May 8, 2003 • Film, Reviews

Directed by Jung Chosin

Think you’re good at figuring out movies? This one will out-smart you at every turn. Director Jung is the cat to your mouse, playing with your expectations, giving them each a good twist and standing them on their heads.

It seems like this might be a fun bank caper movie. Three separate groups of bank robbers decide to rob the same bank on the same day. Wah-wah. Lots of laughs and some cuddly robbers winning our hearts with their good-natured, reluctant-criminal ways. Right? Think again. The director takes a dive into a dark and violent world where the complicated web of crosses and double-crosses leaves you surprised and unsure of anything.

Just when you’re completely disoriented, the whole movie stops, backs up, and begins retelling itself from the beginning! It’s here where the story shines as it begins to unravel each bank robber’s backstory. We find everyone has their own private agenda and each of their stories connects to the others in surprising ways.

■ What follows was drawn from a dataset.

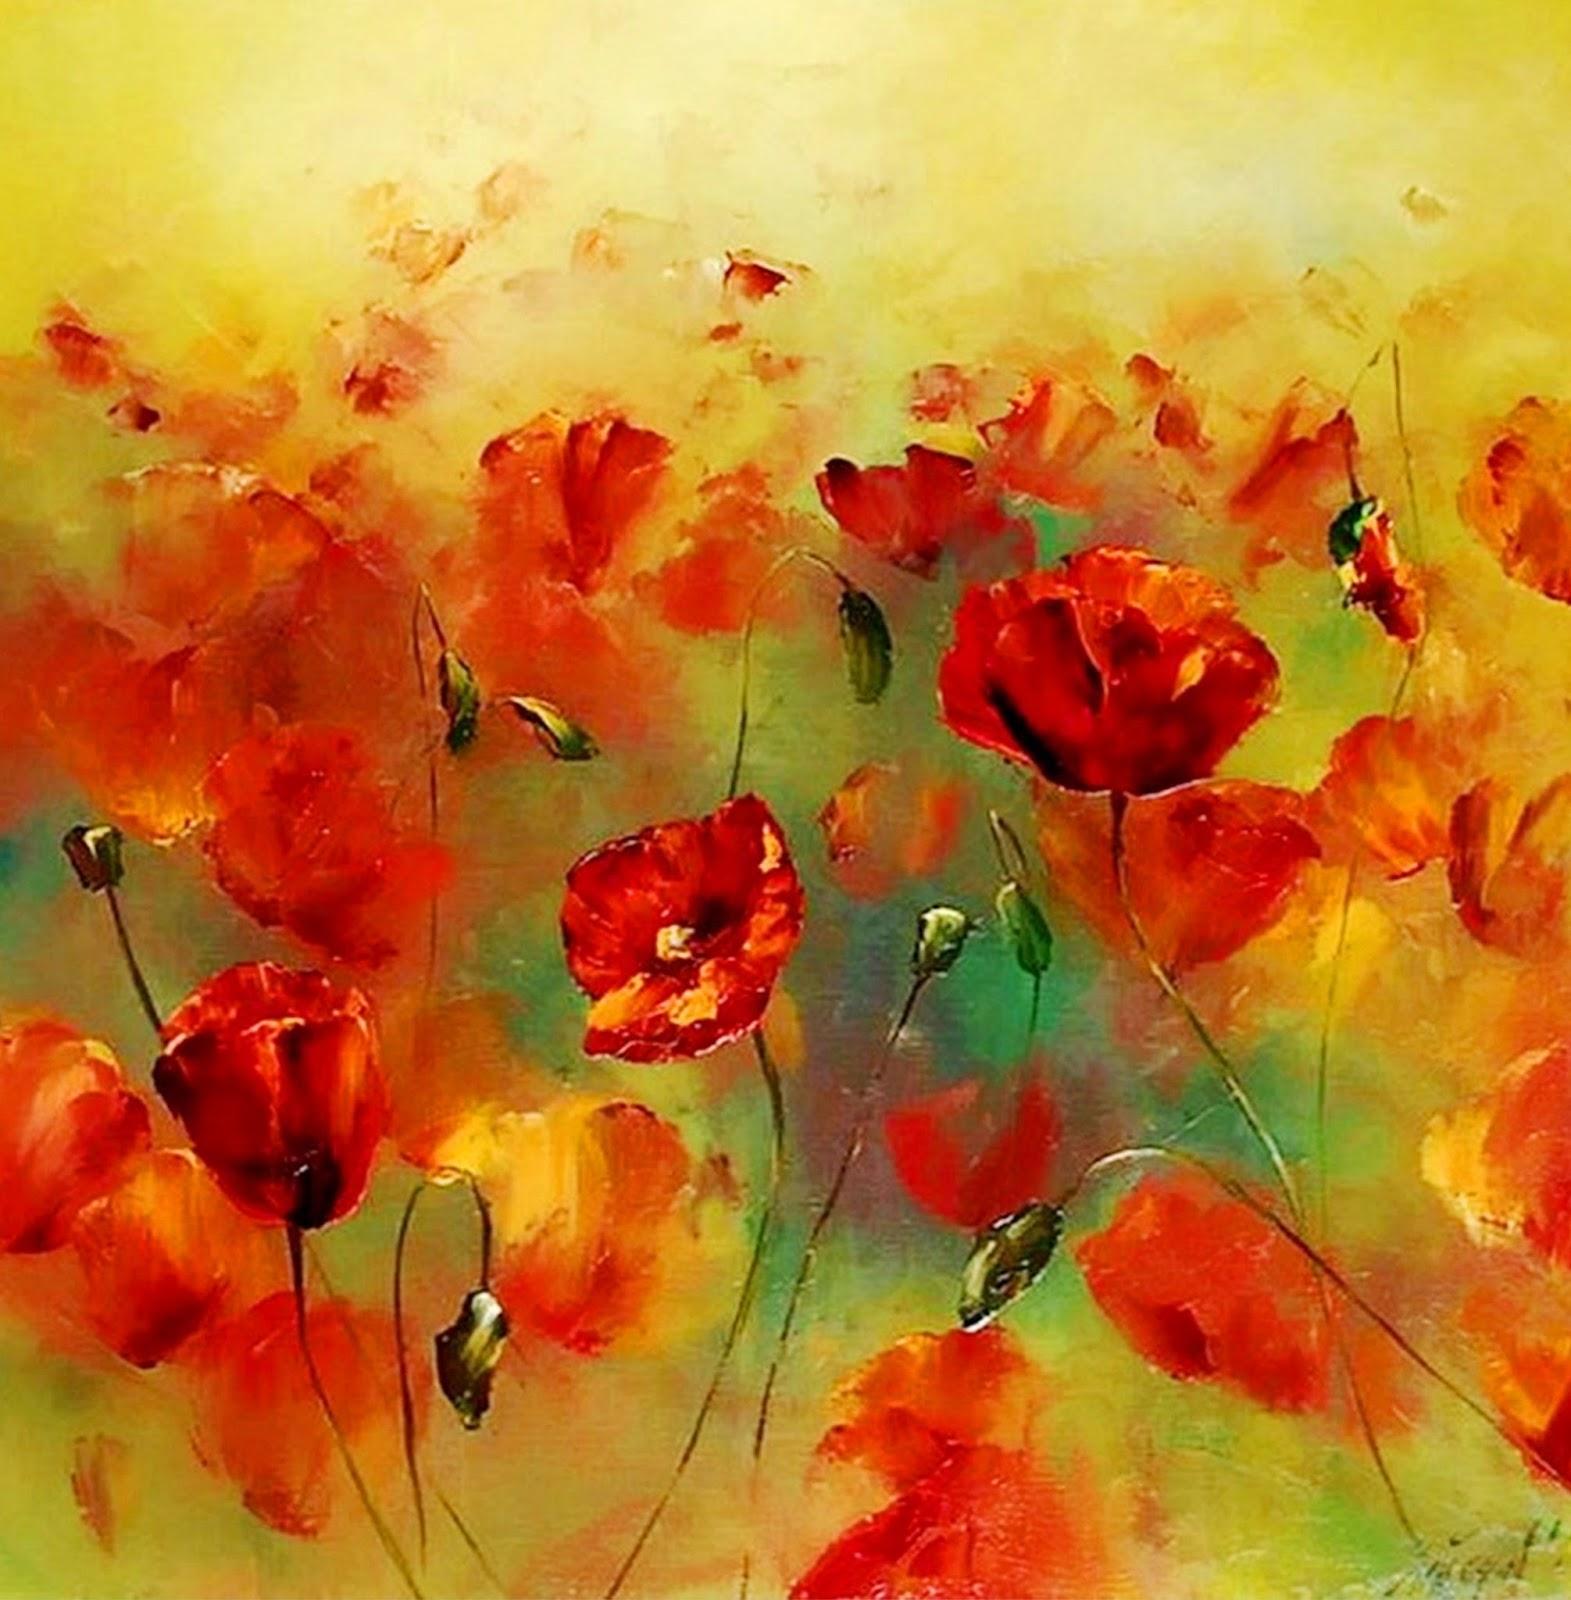 Cuadros, pinturas, oleos: Pintura Moderna al Óleo (Flores)

This is not a profound film or work of artistic genius. It’s not a perfect film: the ending is a little too sentimental, the first act too long and grim. However it is a fun and smart film. The writer and director do a stand out job of keeping so many fractured subplots going and still have it all make sense. The joy of this movie is its ability to surprise and tweak the intelligence filmgoers weary of formulaic fare.